**How to complete this task**
Full transcription, minus images: write out the listing below exactly as it appears.

**Information supplied**

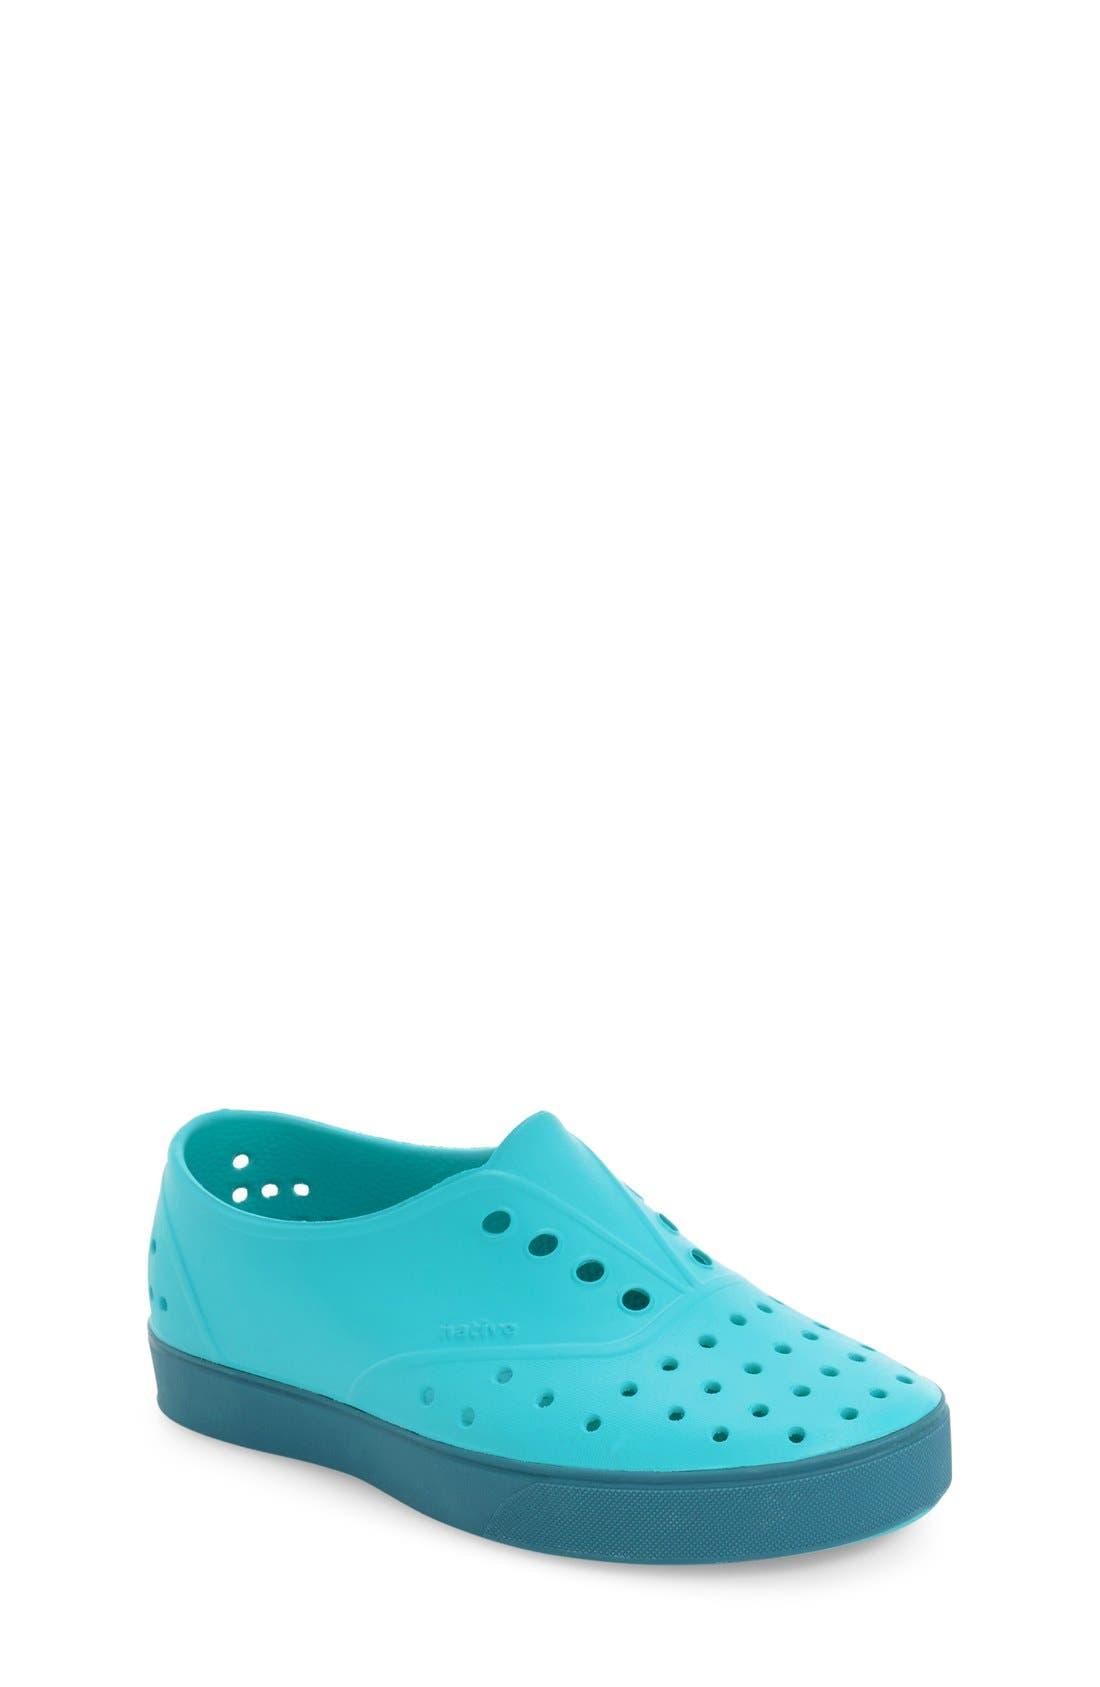 Miller Water Friendly Slip-On Sneaker,                             Main thumbnail 21, color,
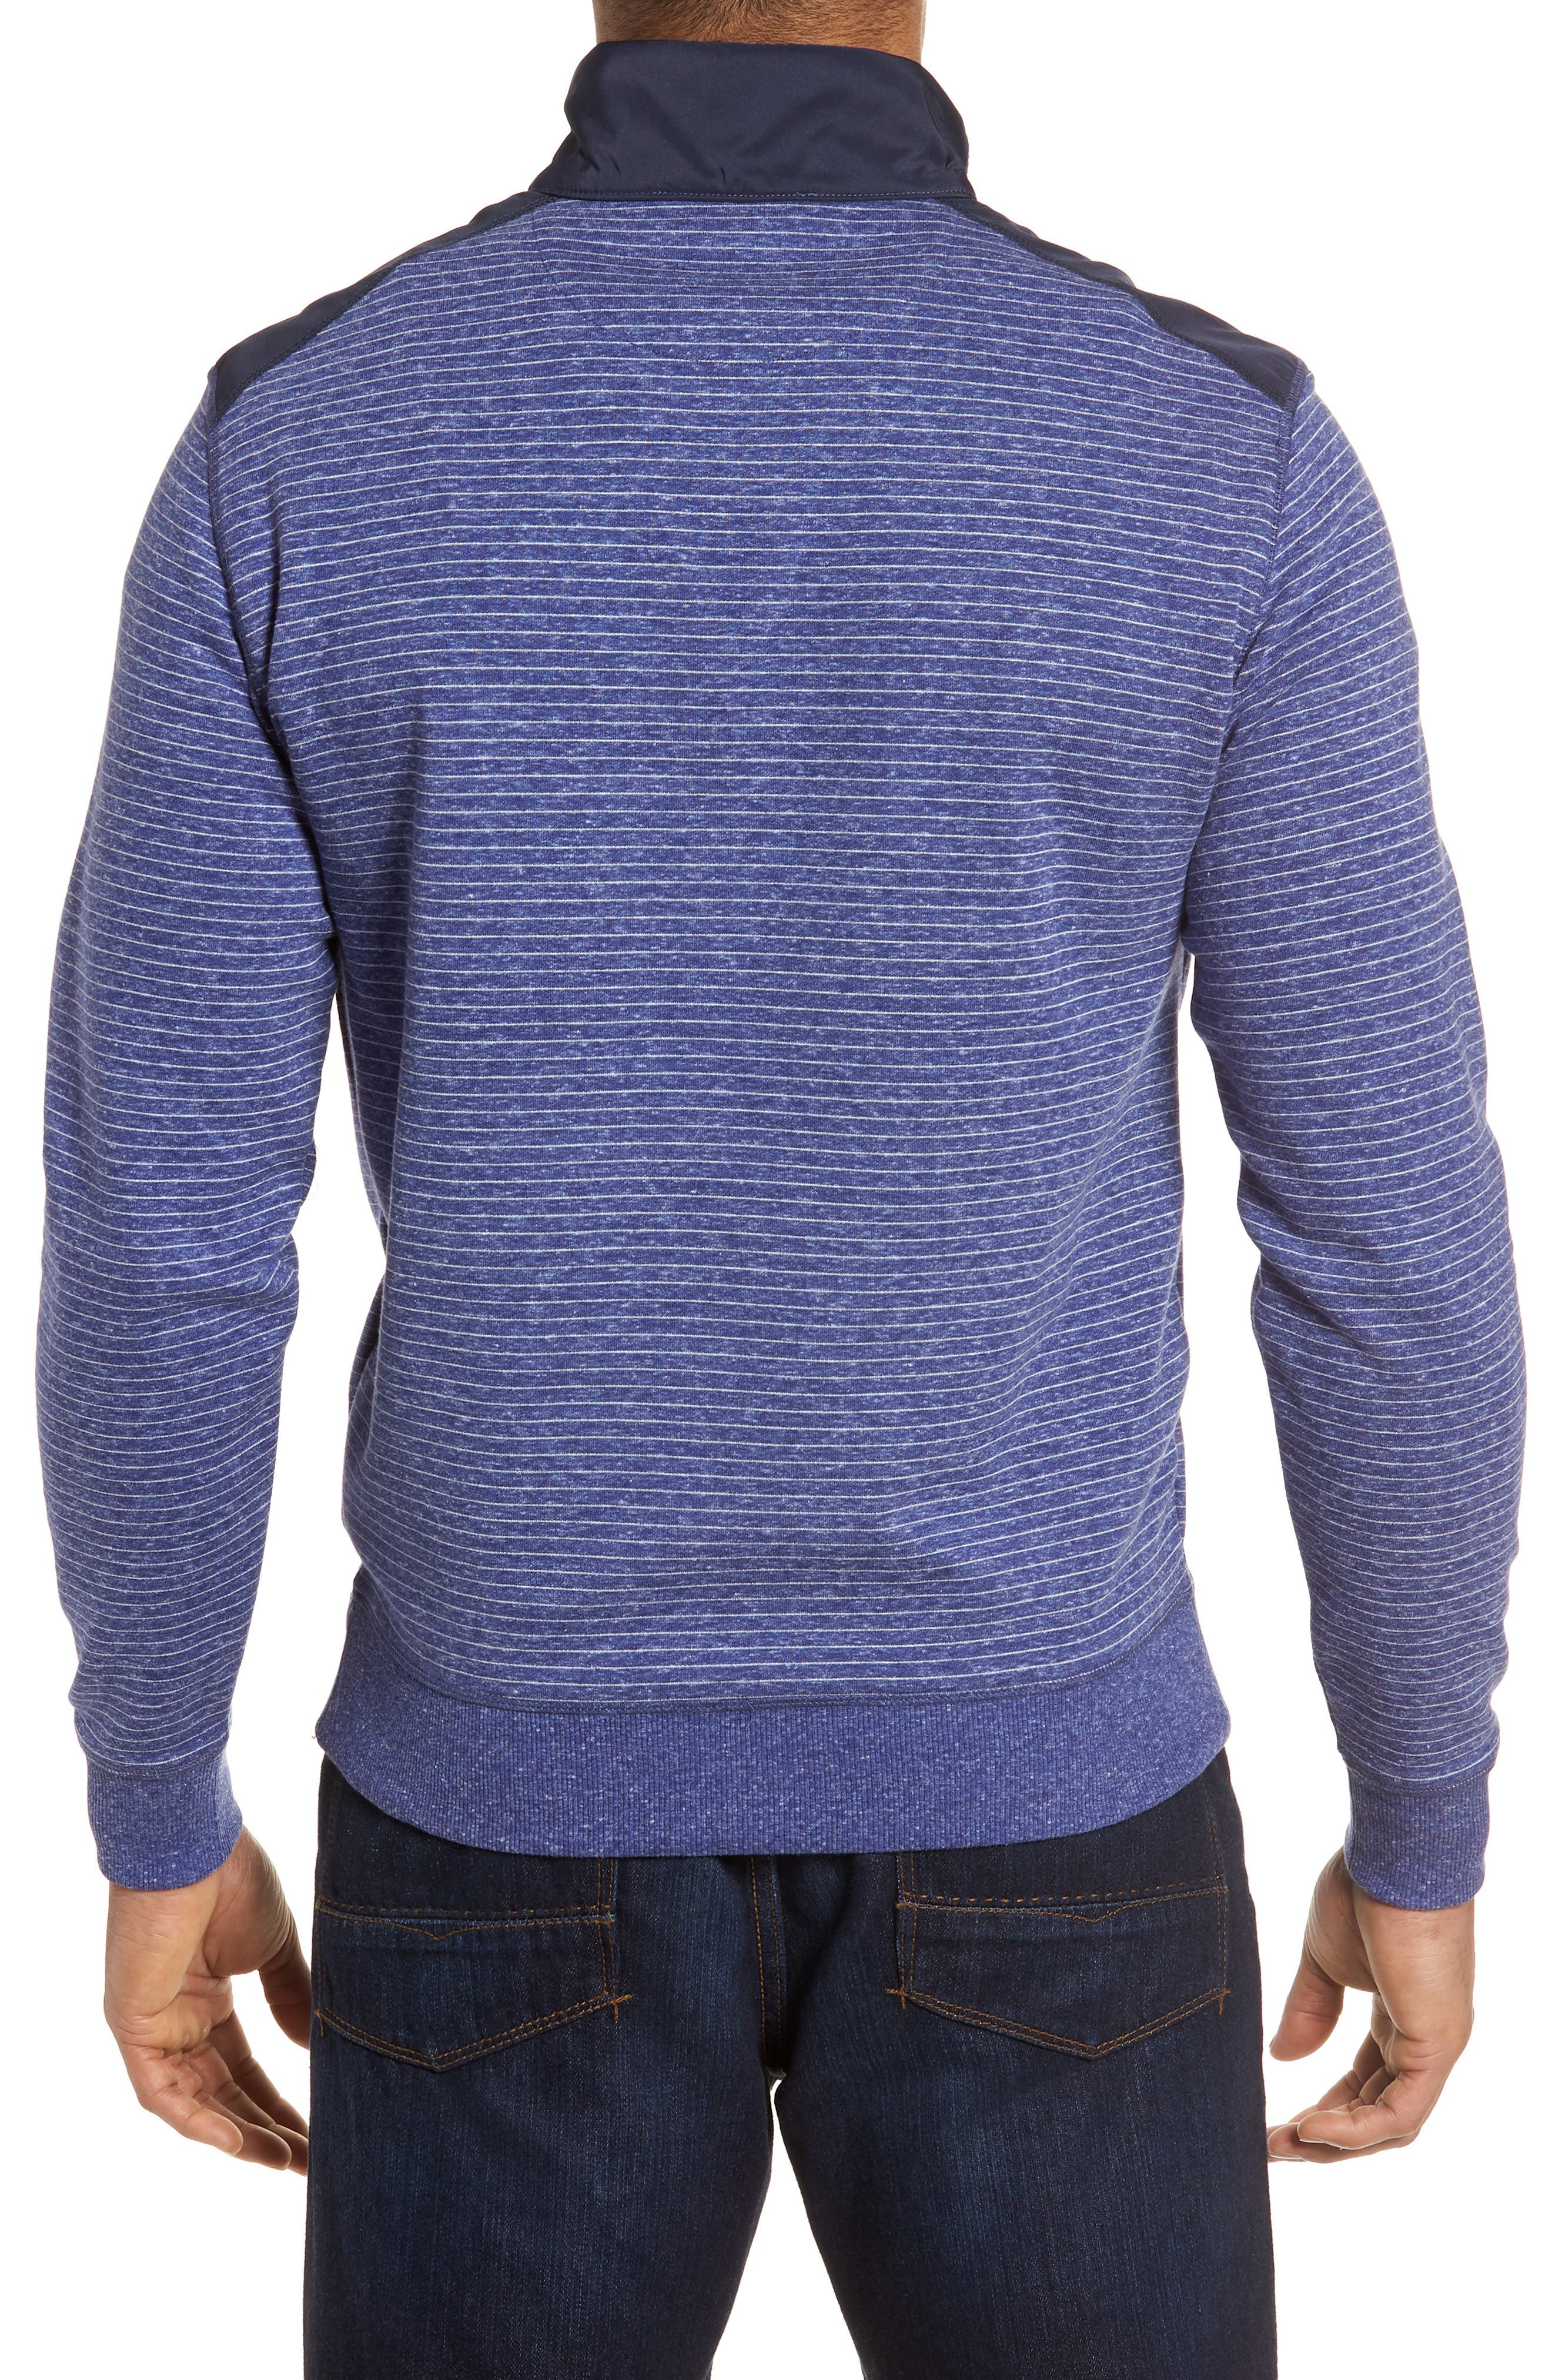 Regular Fit Stripe Quarter Zip Pullover,                             Alternate thumbnail 2, color,                             Night Blue
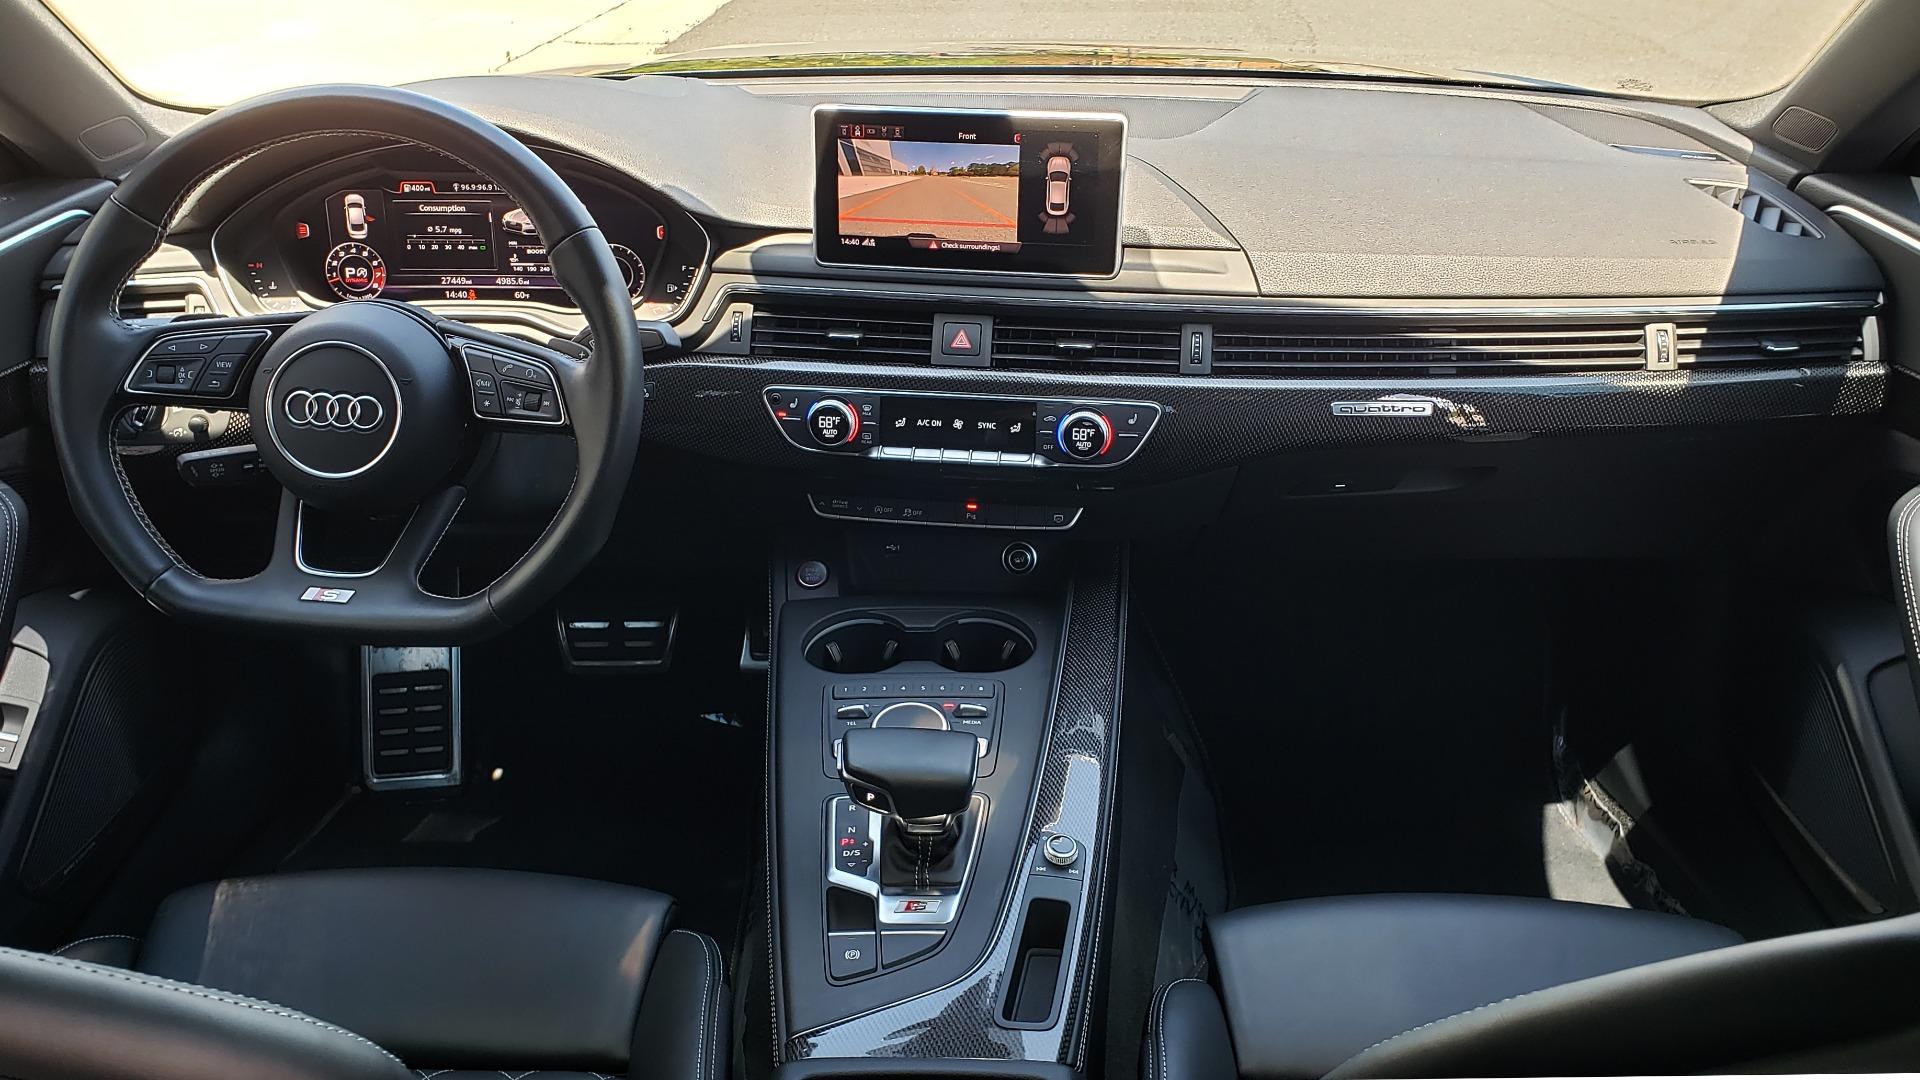 Used 2018 Audi S5 SPORTBACK PRESTIGE S-SPORT / NAV / SUNROOF / HUD / B&O SND / REARVIEW for sale $48,995 at Formula Imports in Charlotte NC 28227 67

**Exercise response**
 Miller Water Friendly Slip-On Sneaker,                             Main thumbnail 21, color,
 Regular Fit Stripe Quarter Zip Pullover,                             Alternate thumbnail 2, color,                             Night Blue
 Used 2018 Audi S5 SPORTBACK PRESTIGE S-SPORT / NAV / SUNROOF / HUD / B&O SND / REARVIEW for sale $48,995 at Formula Imports in Charlotte NC 28227 67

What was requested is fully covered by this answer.